Exercise description ::
I'd like the listing below copied exactly, with the images left out.

Information provided ::
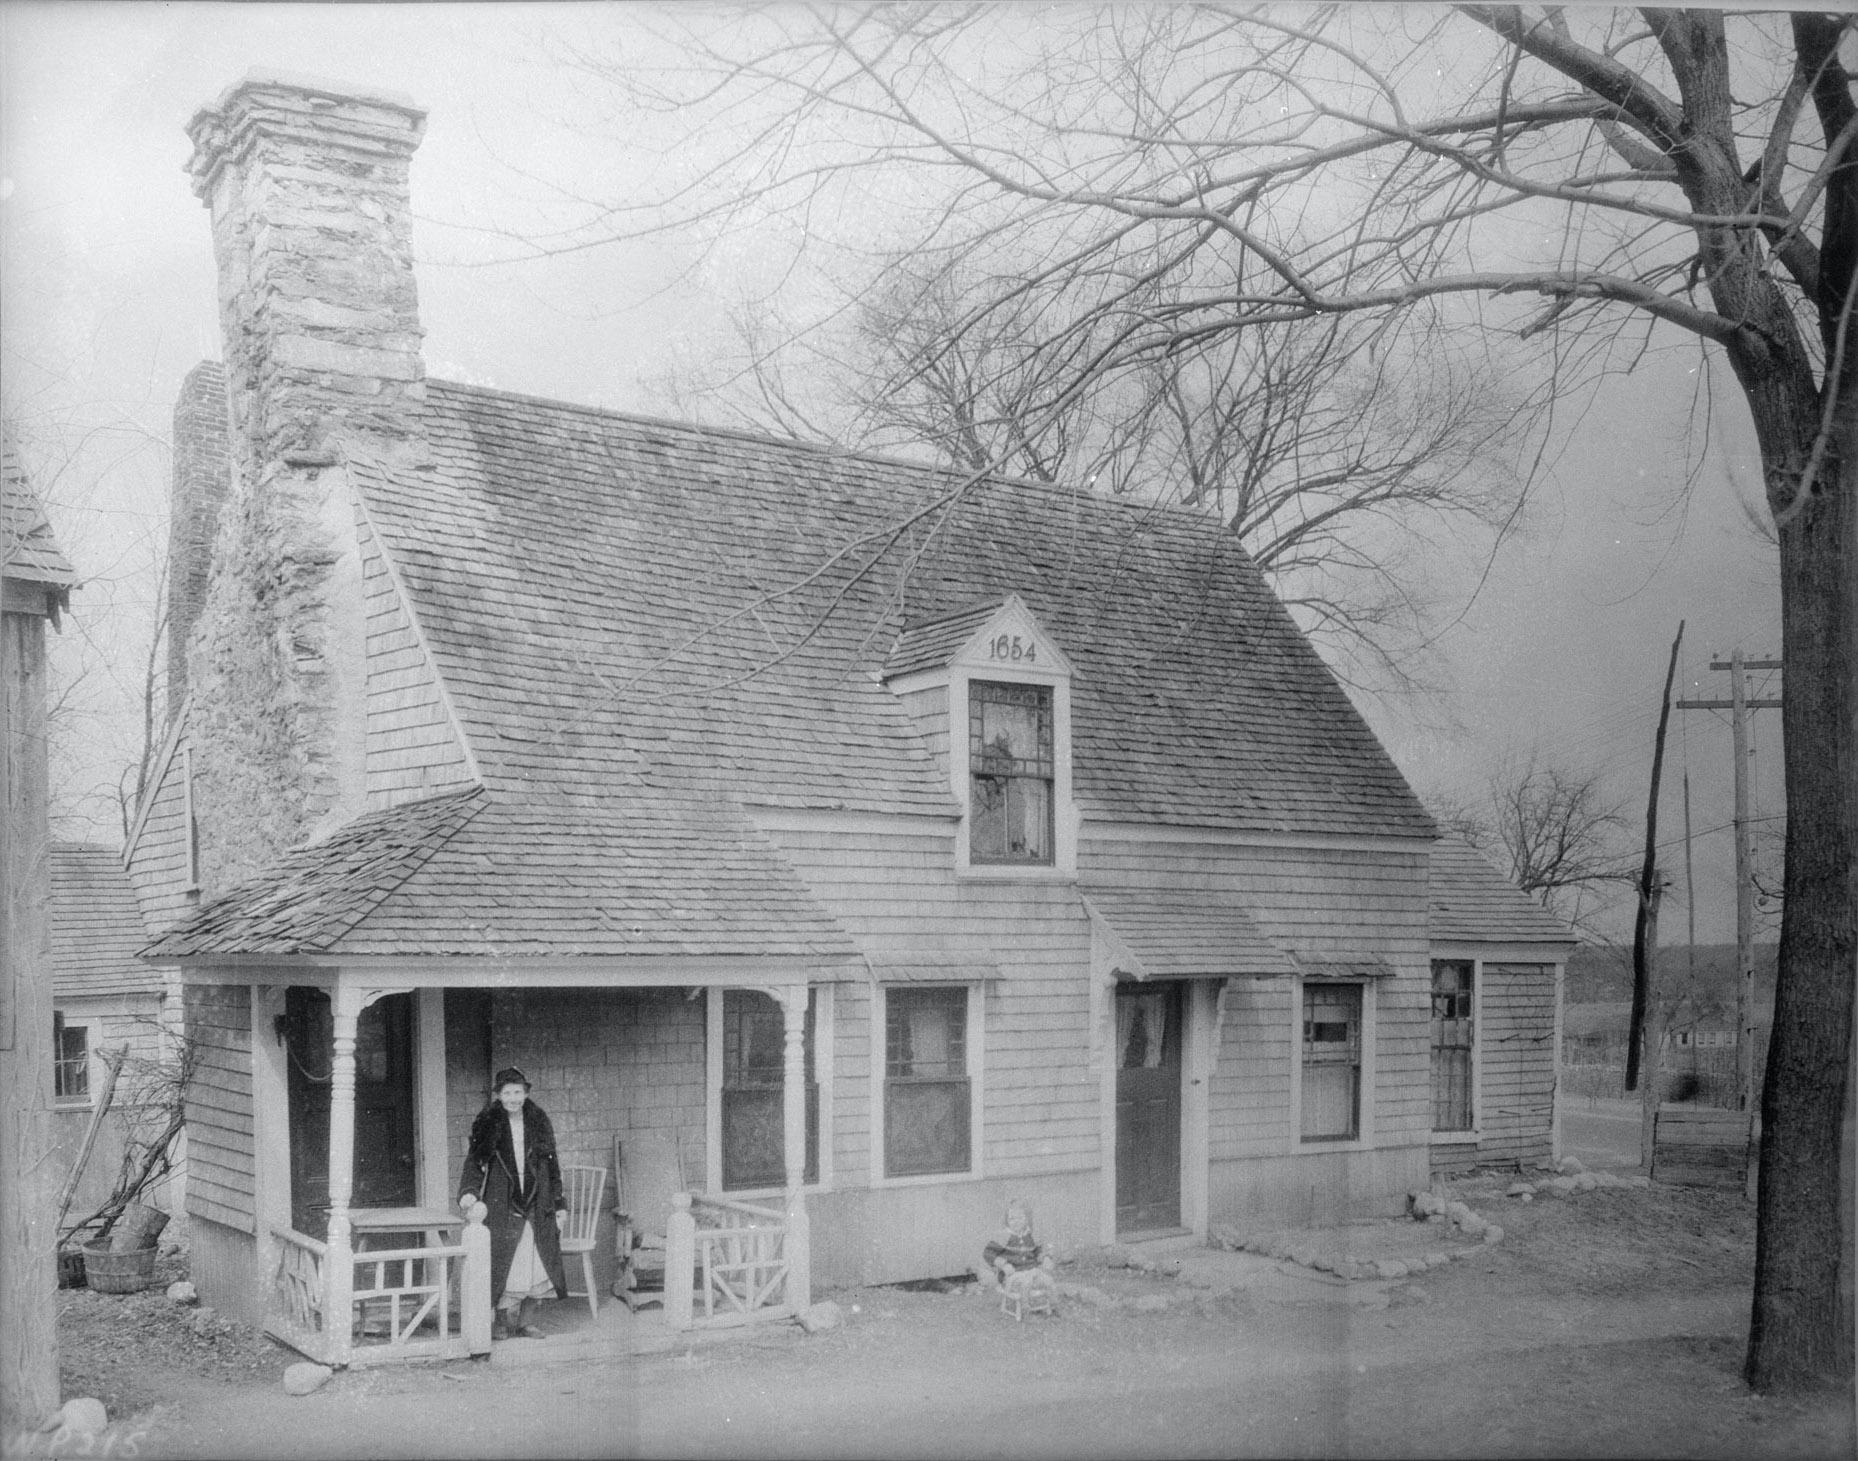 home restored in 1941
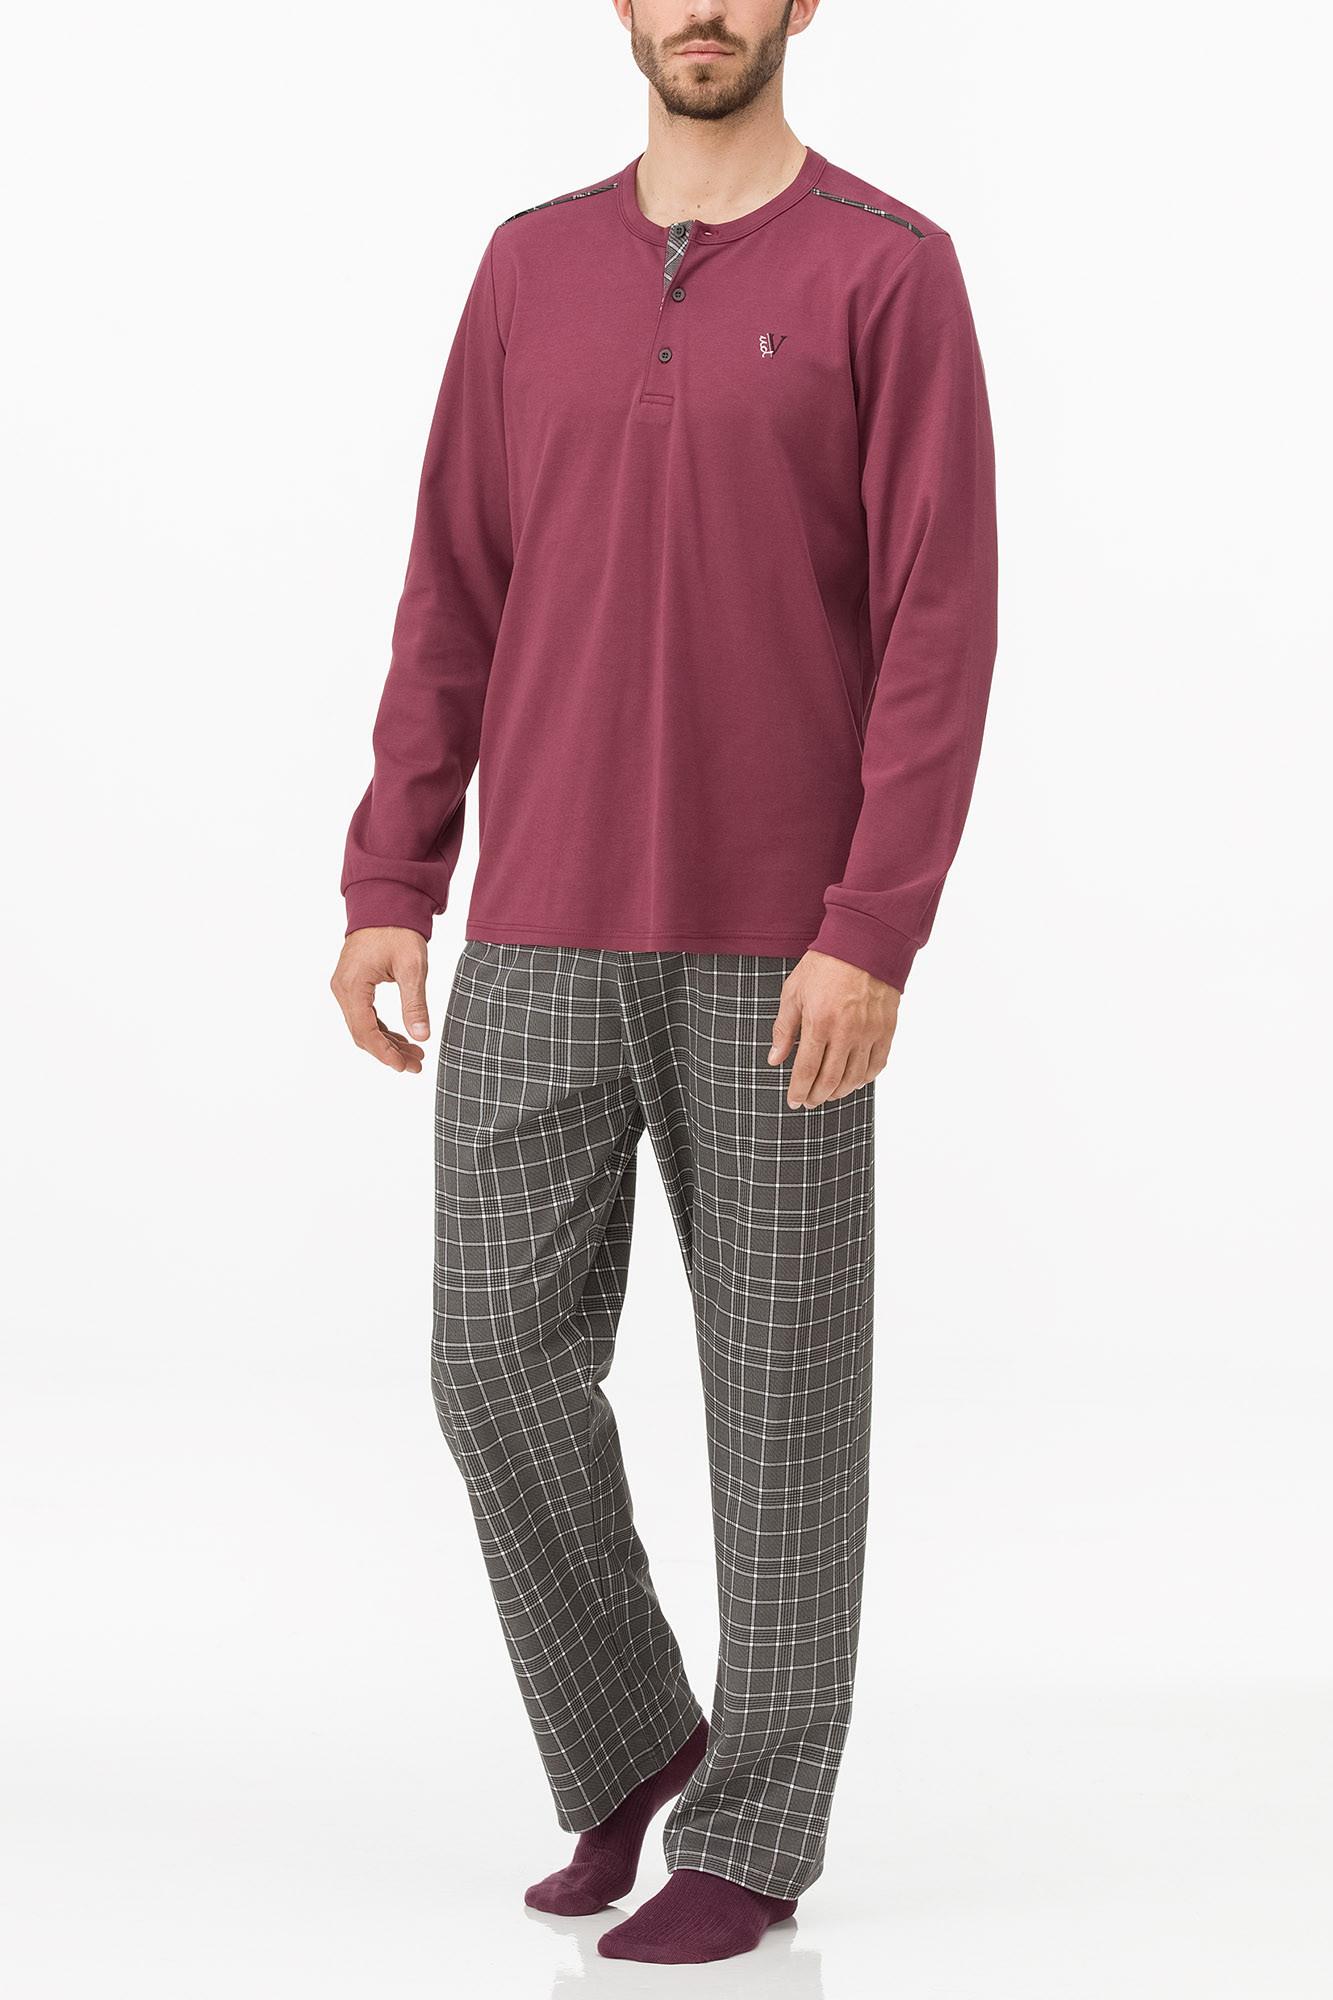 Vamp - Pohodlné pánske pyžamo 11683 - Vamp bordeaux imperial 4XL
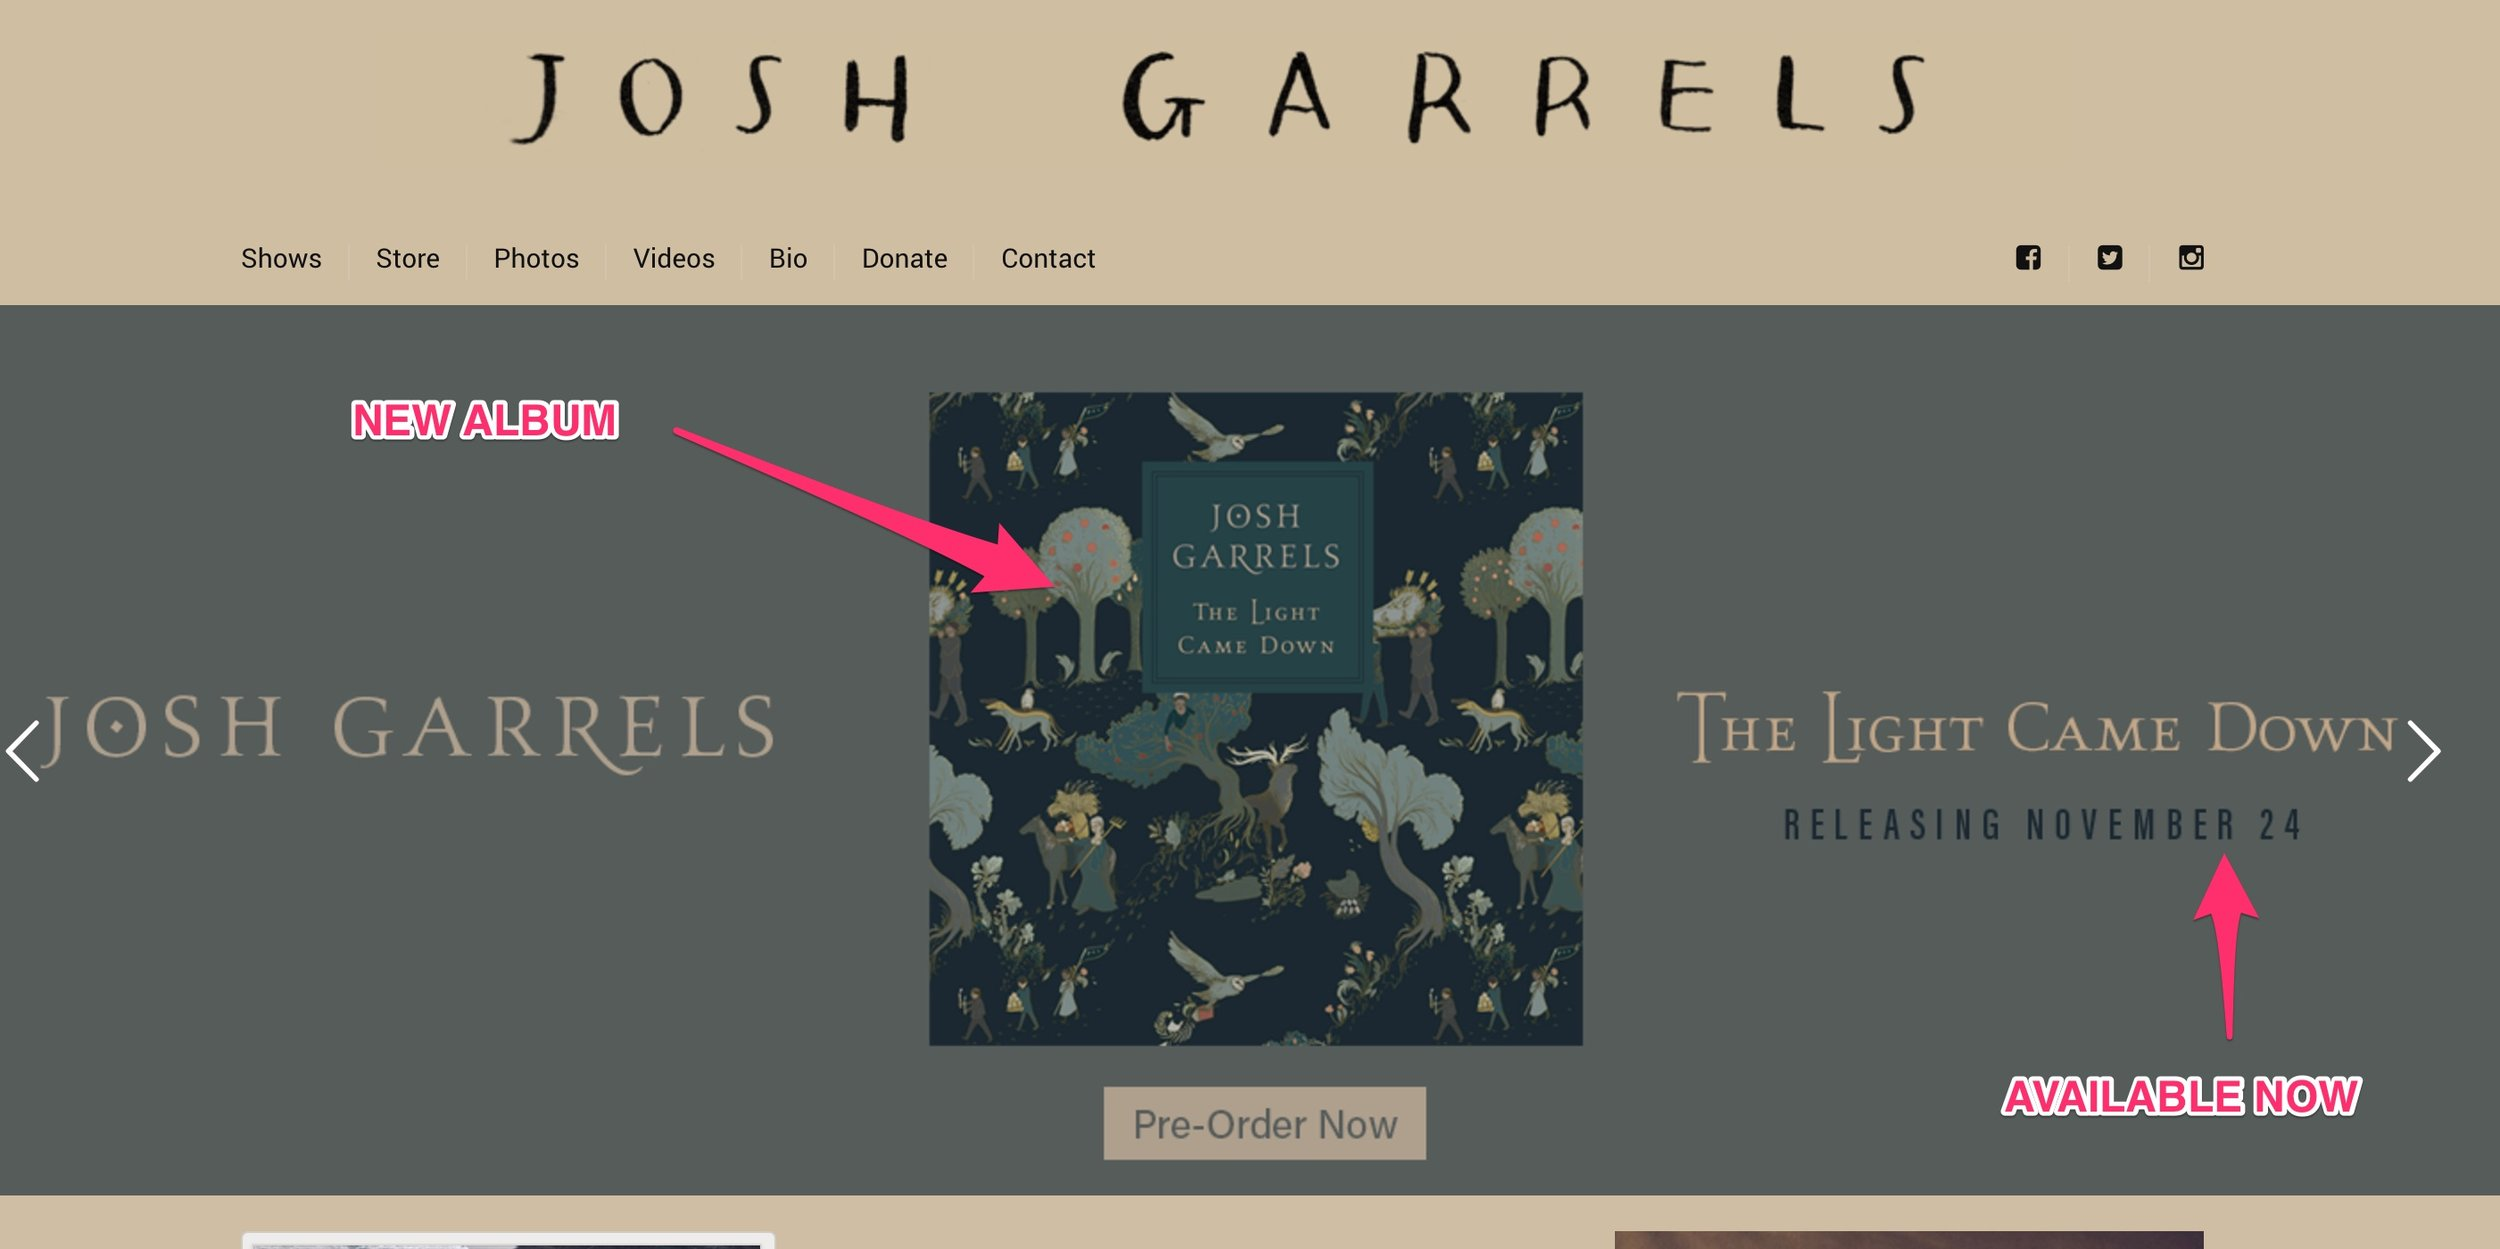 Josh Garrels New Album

Problem solution ::
 home restored in 1941
 Vamp - Pohodlné pánske pyžamo 11683 - Vamp bordeaux imperial 4XL
 Josh Garrels New Album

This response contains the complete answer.